November 12, 2013 By Jennifer

creammushroomsoup2

With the cool weather here and fall in full-bloom, my craving for warm and hearty soups is here. I made this soup and sat on my back deck basking in all the colors as the sun peaked through the leaves like fire. In Georgia you get the cool crisp falls with an extra added warmth from the sun which we didn’t get up north. I’m so glad I live in a world where there is fall and of course warm soups to enjoy. Just look at the beautiful colors that my hubby captured early one morning last week. 

fall

But, fall is over for a lot of you and it’s winding down here in Georgia. It’s snowing up North and a cold front is coming in here tonight!

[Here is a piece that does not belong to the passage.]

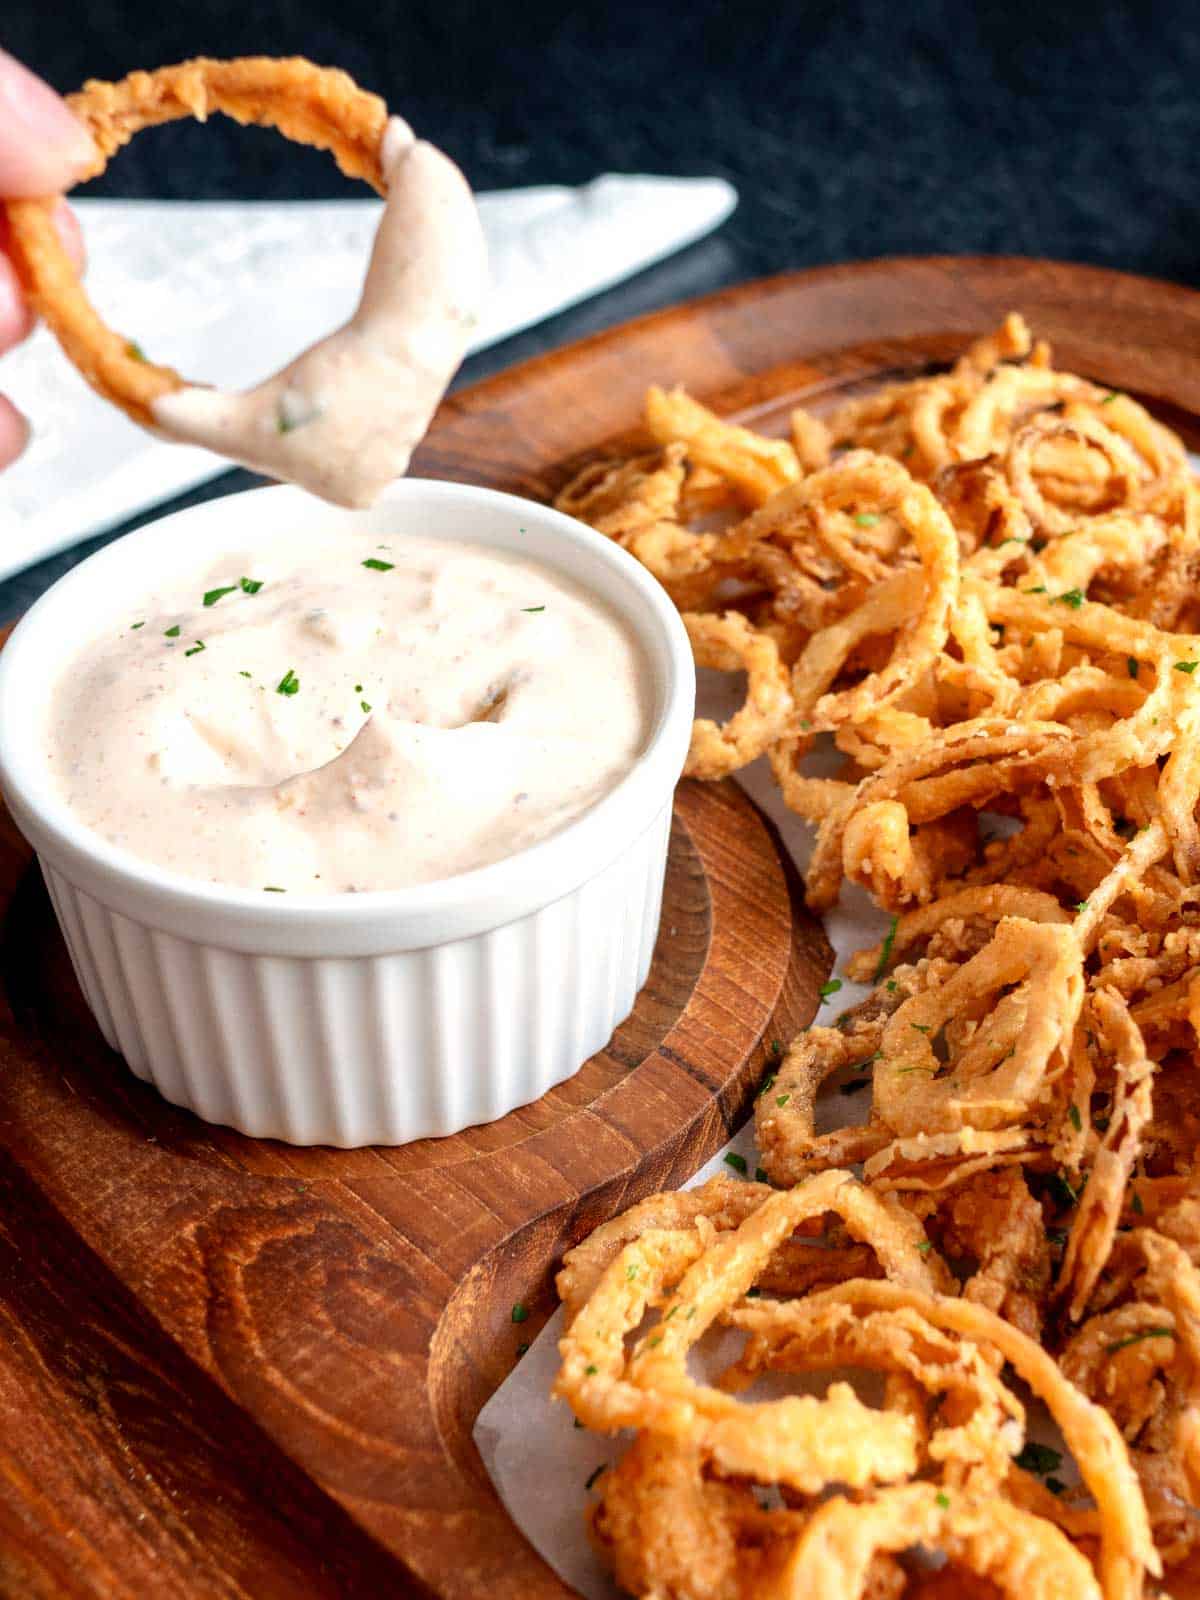 Cajun onion strings with spicy dipping sauce.

But I am holding on to the last hints of my favorite season with this post and this soup. This soup just looks like fall to me, but it  can also warm your stomach and your soul in the cold winter months to come. There are very few ingredients and it can whipped up in a short amount of time – who doesn’t love simplicity when it comes to cooking?

msingredients

You can get all fancy with this soup and use different mushrooms if you want. I will definitely be doing this! This soup is great on its own, or with a half sandwich or a salad. You can add more vegetables to this soup or add some beans. It’s also a great base for a hearty casserole. I will be using this to make a vegan version of a traditional Thanksgiving side that I love – which of course I will share shortly. =)

A vegan cream of mushroom soup has been on my mind for some time – so here it is. =)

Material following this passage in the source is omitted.